What you will do
Your task is to output the listing word for word, with pictures excluded.

Source data

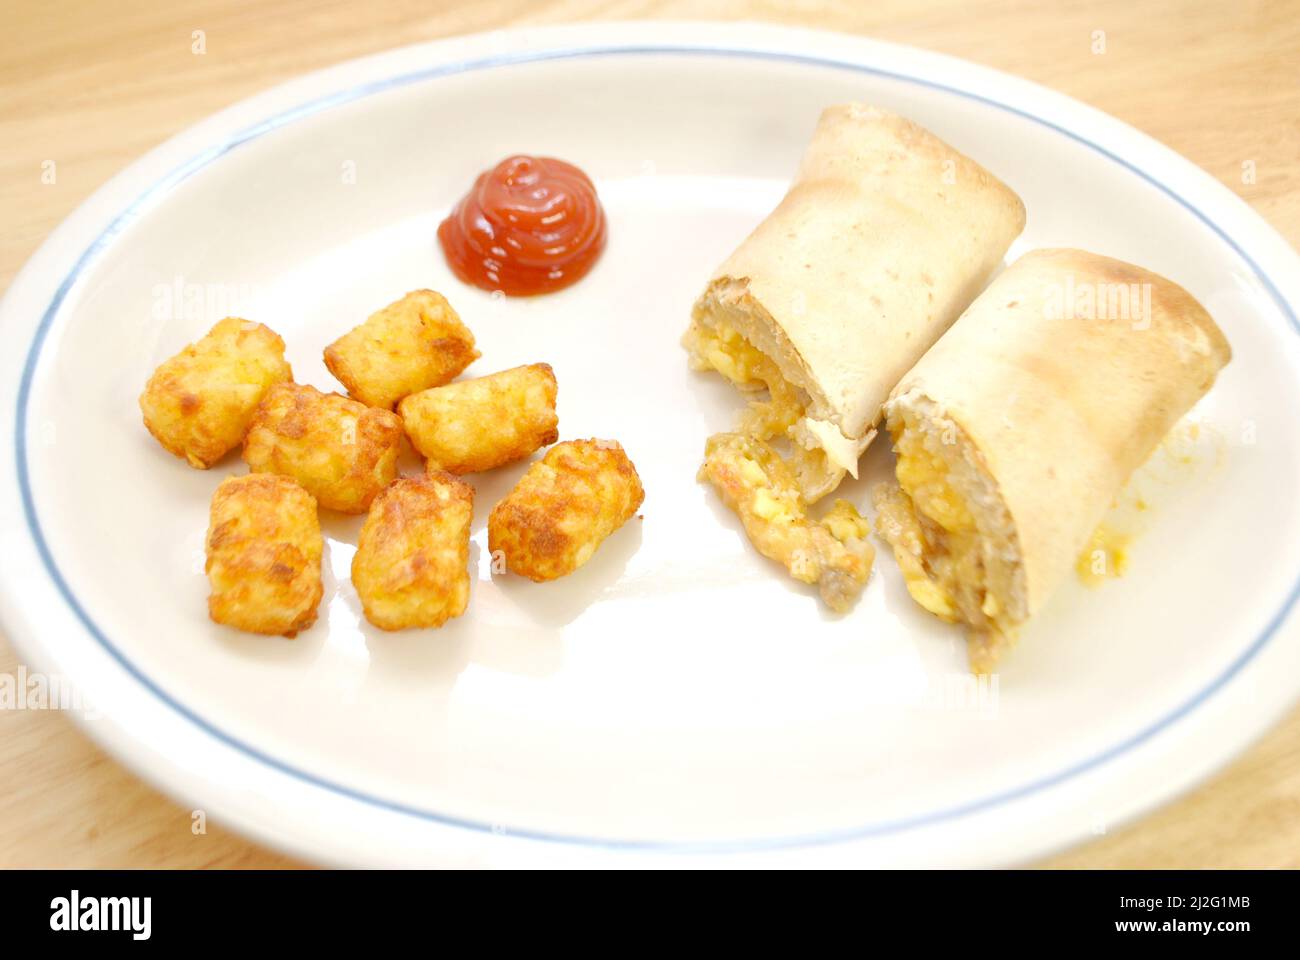 Frühstück Burrito und Tater Tots als schnelle Mahlzeit Stockfoto
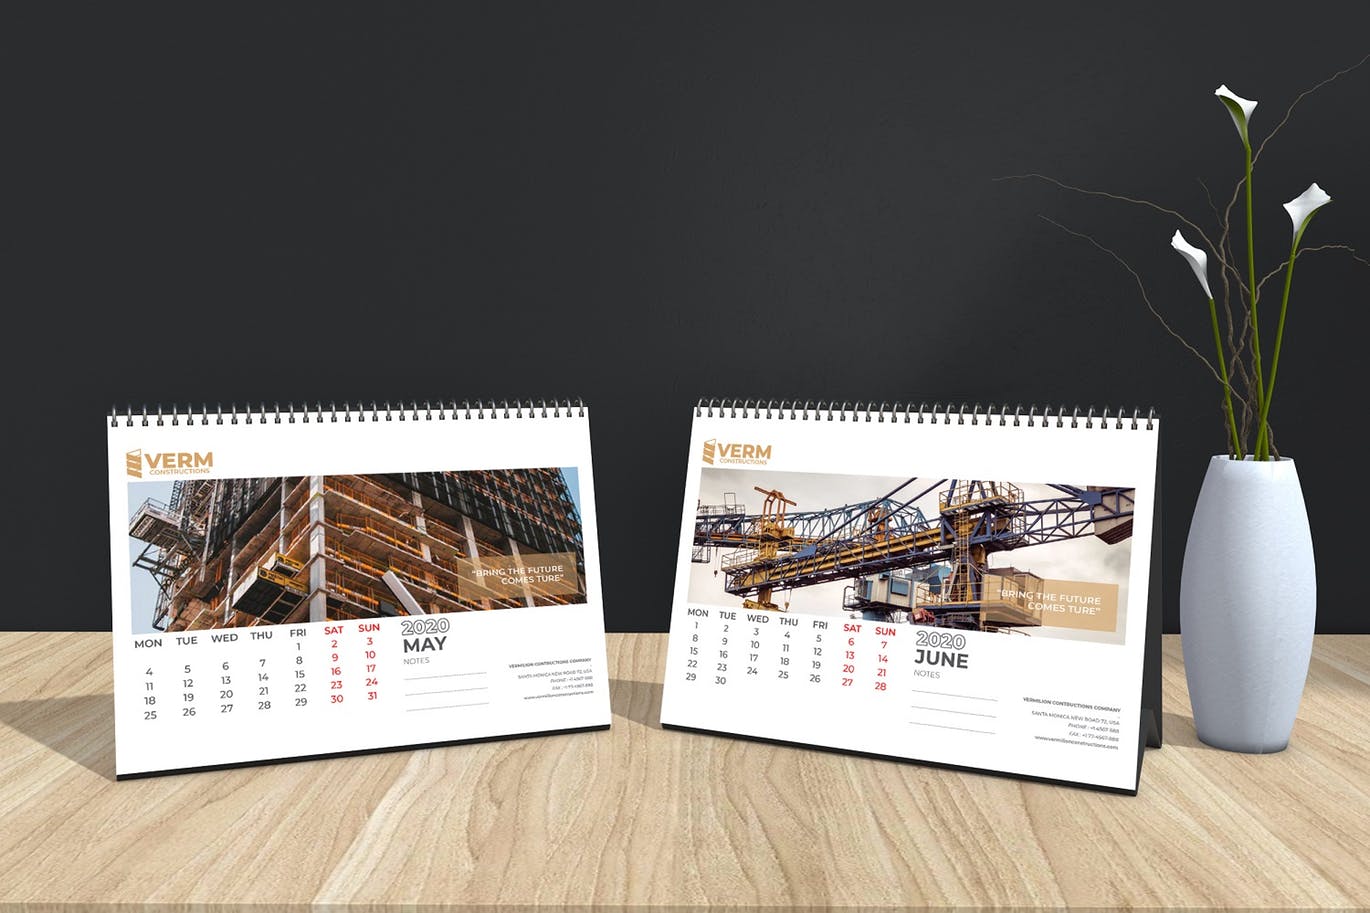 2020年建筑主题台历&挂墙日历表设计模板 Construction Wall & Table Calendar 2020插图11
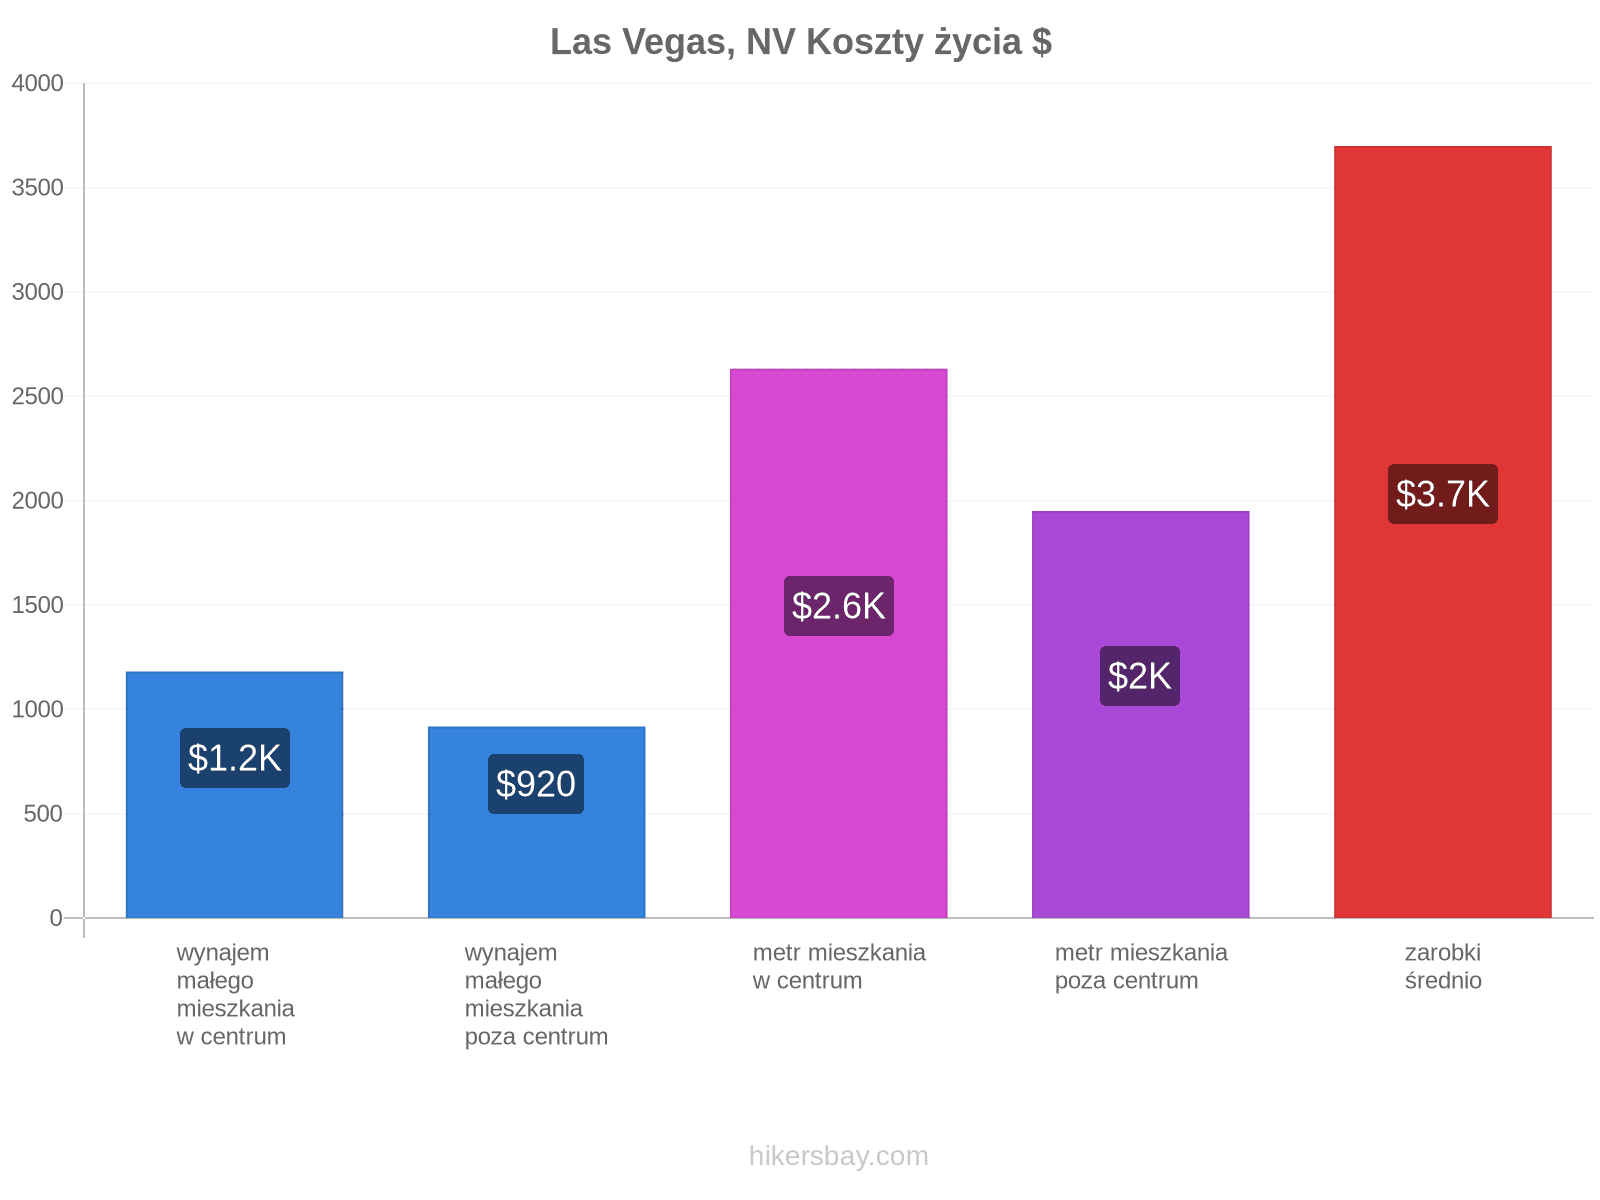 Las Vegas, NV koszty życia hikersbay.com
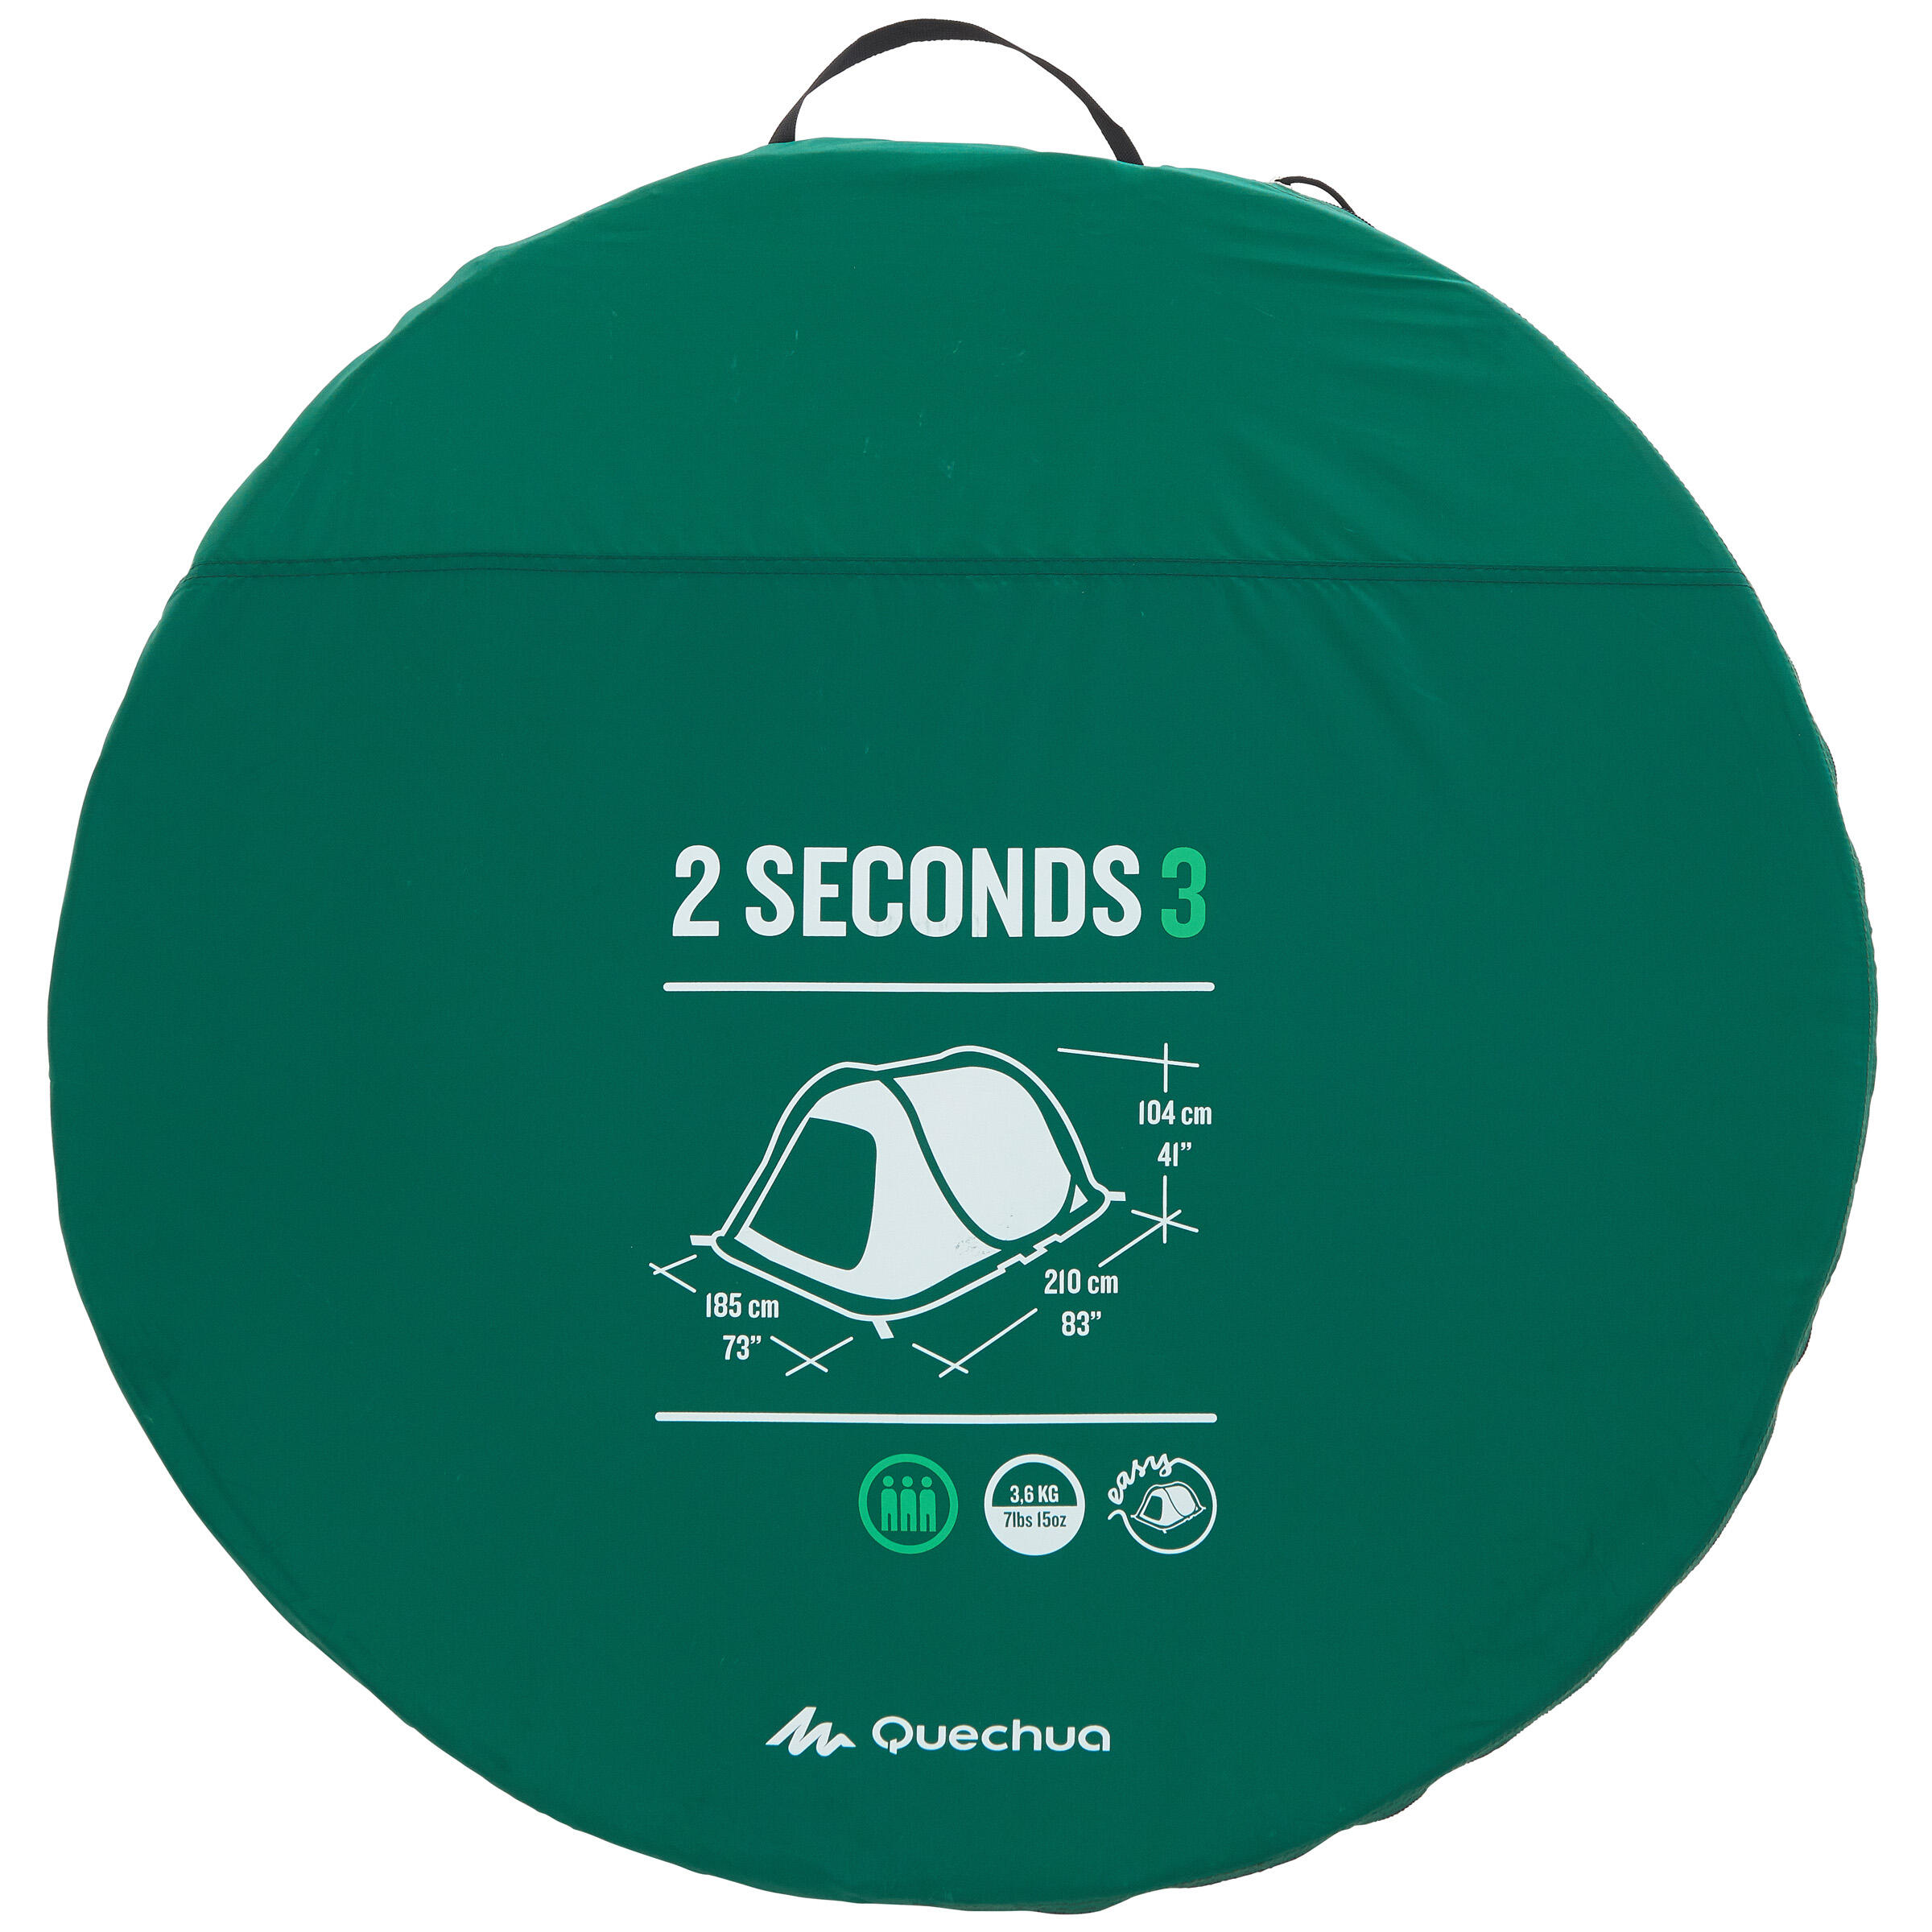 2 seconds 3 tent

Answer section
 Frühstück Burrito und Tater Tots als schnelle Mahlzeit Stockfoto
 2020年建筑主题台历&挂墙日历表设计模板 Construction Wall & Table Calendar 2020插图11
 Las Vegas, NV koszty życia hikersbay.com
 2 seconds 3 tent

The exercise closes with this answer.